Would it be possible that client ORB never detects that server is gone (other
than one way calls)?

We suspect something like this may happen when servant is restarted, and call
has already been waiting for some time.

Only reference I've found for this kind of behaviour is comment by Richard
Hirst some time back: http://www.omniorb-support.com/pipermail/omniorb-
list/2007-January/028386.html, to which there were no replies, but it seams
patch was applied to 4.1.1.

Thx for ideas,
Igor
Duncan Grisby
2009-08-11 17:21:53 UTC
Permalink
Post by Igor Lautar
We are hunting down a problem with our client SW using omniORB (client and
server are v4.1.1 on windows) for communication.
Can you update to 4.1.4? That has a number of bug fixes that may be
relevant.
Post by Igor Lautar
Our problem could be explained, if omniORB call does not return. We think we
saw something like this in past, but are not sure.
Is it possible (under certain circumstances) that client call hangs
indefinitely? We do not have clientCallTimeOutPerid set (its 0).
Would it be possible that client ORB never detects that server is gone (other
than one way calls)?
Yes, it can happen. When omniORB makes a call, it sends data on a TCP
connection, then blocks waiting for the response. If the server dies,
TCP can fail to notice, and the OS may leave the recv() call blocked for
ever. There's not much omniORB can do in this situation, other than have
a call timeout.

You could try setting the SO_KEEPALIVE socket option on omniORB's
connections, by adding it to src/lib/omniORB/orbcore/tcp/tcpEndpoint.cc
where it sets other options. That will check the connection if it's been
idle for a long time.

Cheers,

Duncan.
--
-- Duncan Grisby --
-- ***@grisby.org --
-- http://www.grisby.org --
Igor Lautar
2009-08-11 17:33:05 UTC
Permalink
Post by Duncan Grisby
Post by Igor Lautar
We are hunting down a problem with our client SW using omniORB (client
and server are v4.1.1 on windows) for communication.
Can you update to 4.1.4? That has a number of bug fixes that may be
relevant.
Update is not a big problem, will try to reproduce with 4.1.4 (see other mail
on list, had some luck on actually getting to this state).
Post by Duncan Grisby
Yes, it can happen. When omniORB makes a call, it sends data on a TCP
connection, then blocks waiting for the response. If the server dies,
TCP can fail to notice, and the OS may leave the recv() call blocked for
ever. There's not much omniORB can do in this situation, other than have
a call timeout.
Yeah, this is how I thought about it as well.
Post by Duncan Grisby
You could try setting the SO_KEEPALIVE socket option on omniORB's
connections, by adding it to src/lib/omniORB/orbcore/tcp/tcpEndpoint.cc
where it sets other options. That will check the connection if it's been
idle for a long time.
Hmm, but SO_KEEPALIVE would not help in case where ORB closes connections
after connection idle time?

Some calls we make can take a long time (could be improved by making these
calls async), more than idle time on connections.

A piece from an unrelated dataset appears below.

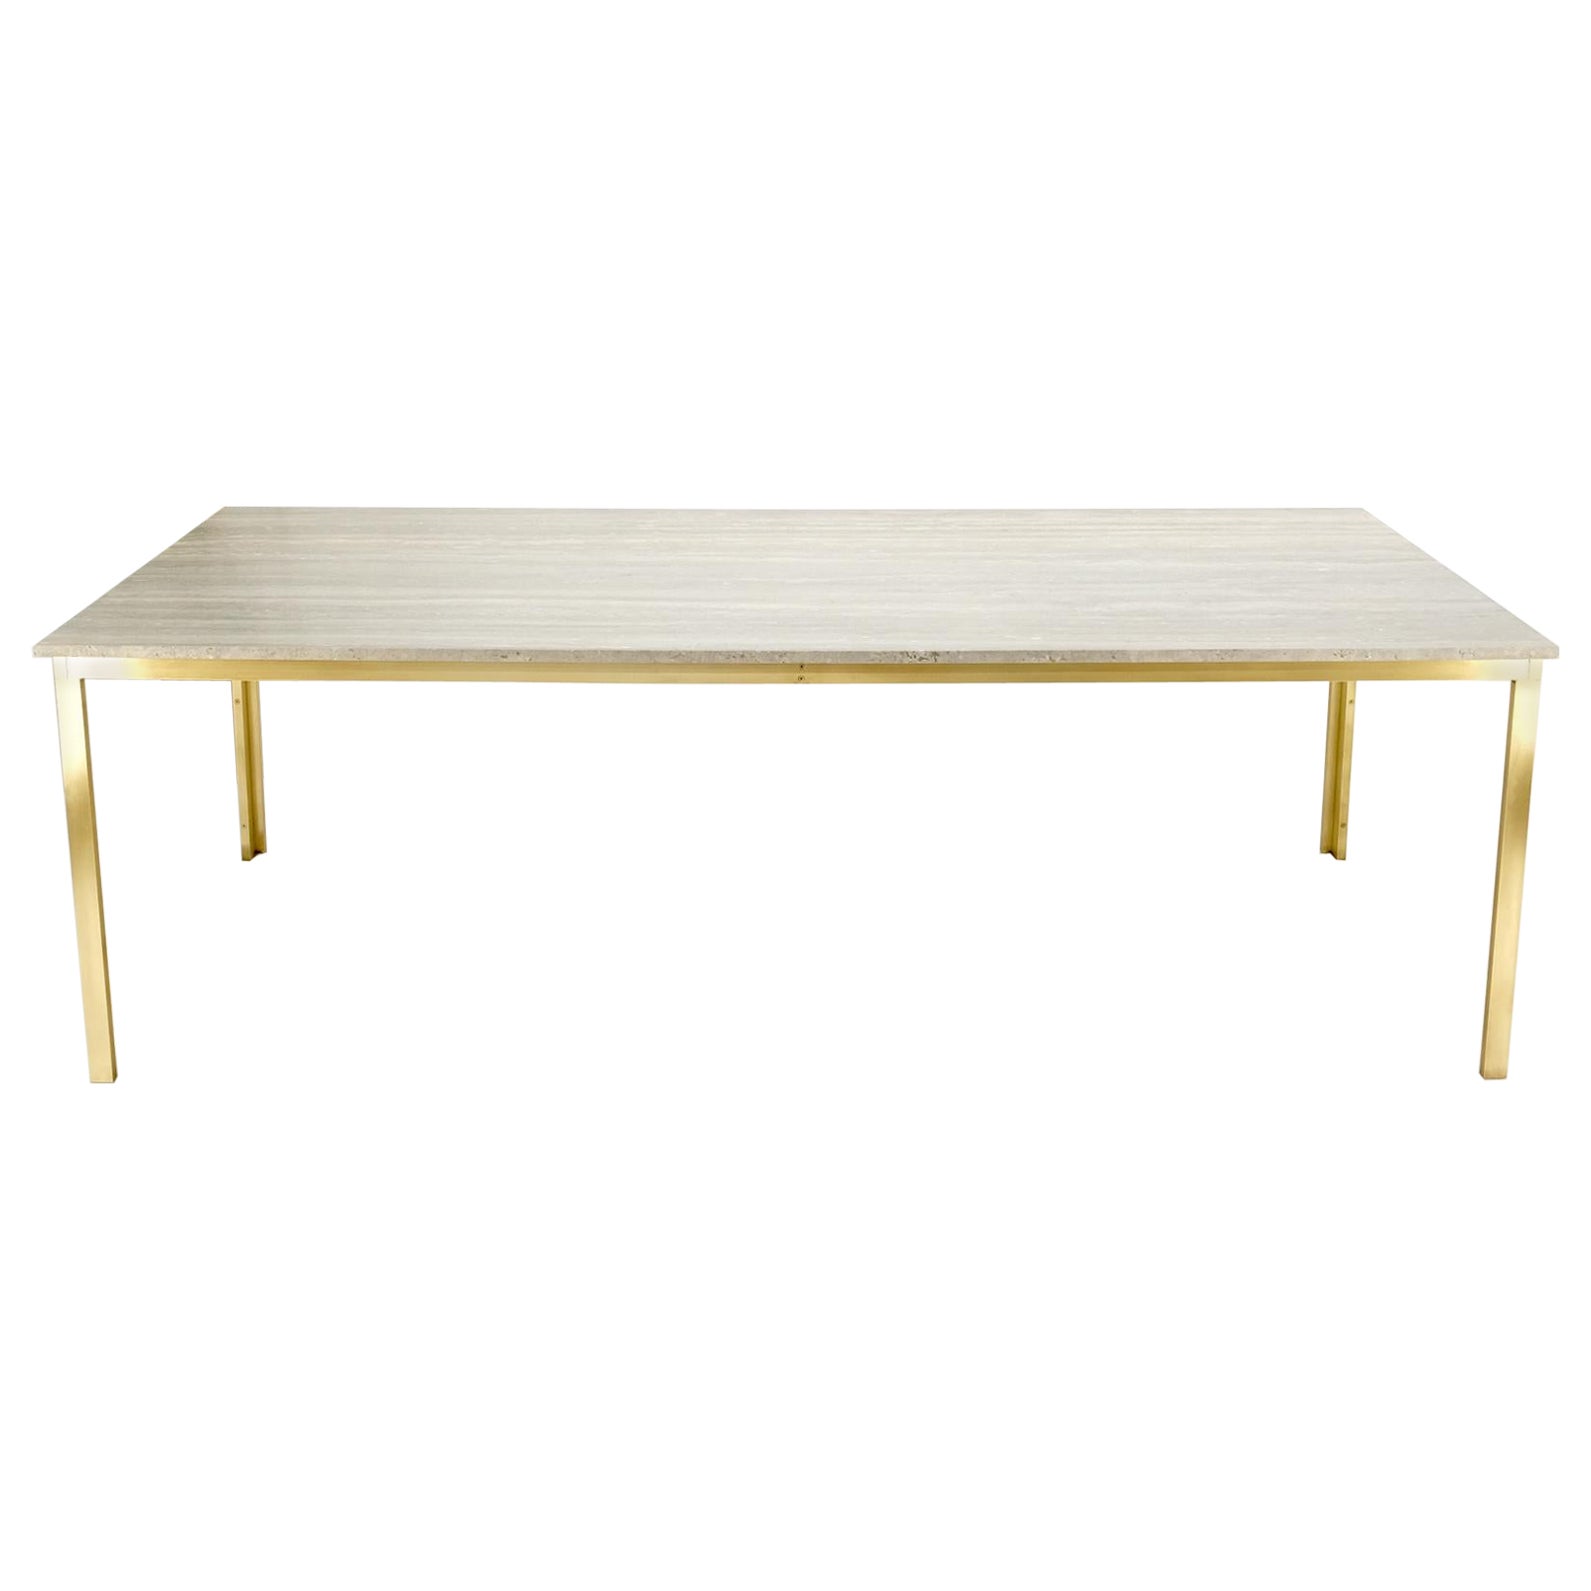 Large Heavy Solid Brass Base Travertine Top Rectangle Dining Table

But we also make a lot of connection, so I'm not sure increasing IDLE time
would be a good idea. One server can have 500+ connections at the same time.

Thx,
Igor
Duncan Grisby
2009-08-11 19:33:56 UTC
Permalink
On Tuesday 11 August, Igor Lautar wrote:

[...]
Post by Igor Lautar
Post by Duncan Grisby
You could try setting the SO_KEEPALIVE socket option on omniORB's
connections, by adding it to src/lib/omniORB/orbcore/tcp/tcpEndpoint.cc
where it sets other options. That will check the connection if it's been
idle for a long time.
Hmm, but SO_KEEPALIVE would not help in case where ORB closes connections
after connection idle time?
From omniORB's point of view, a connection where the client is blocked
waiting for a reply from the server is not "idle", even though there's
no traffic. A connection is only idle (and a candidate for closure) if
there are no calls in progress on it.

Despite its name, SO_KEEPALIVE is actually there to kill a TCP
connection if the network breaks, not to keep the connection alive.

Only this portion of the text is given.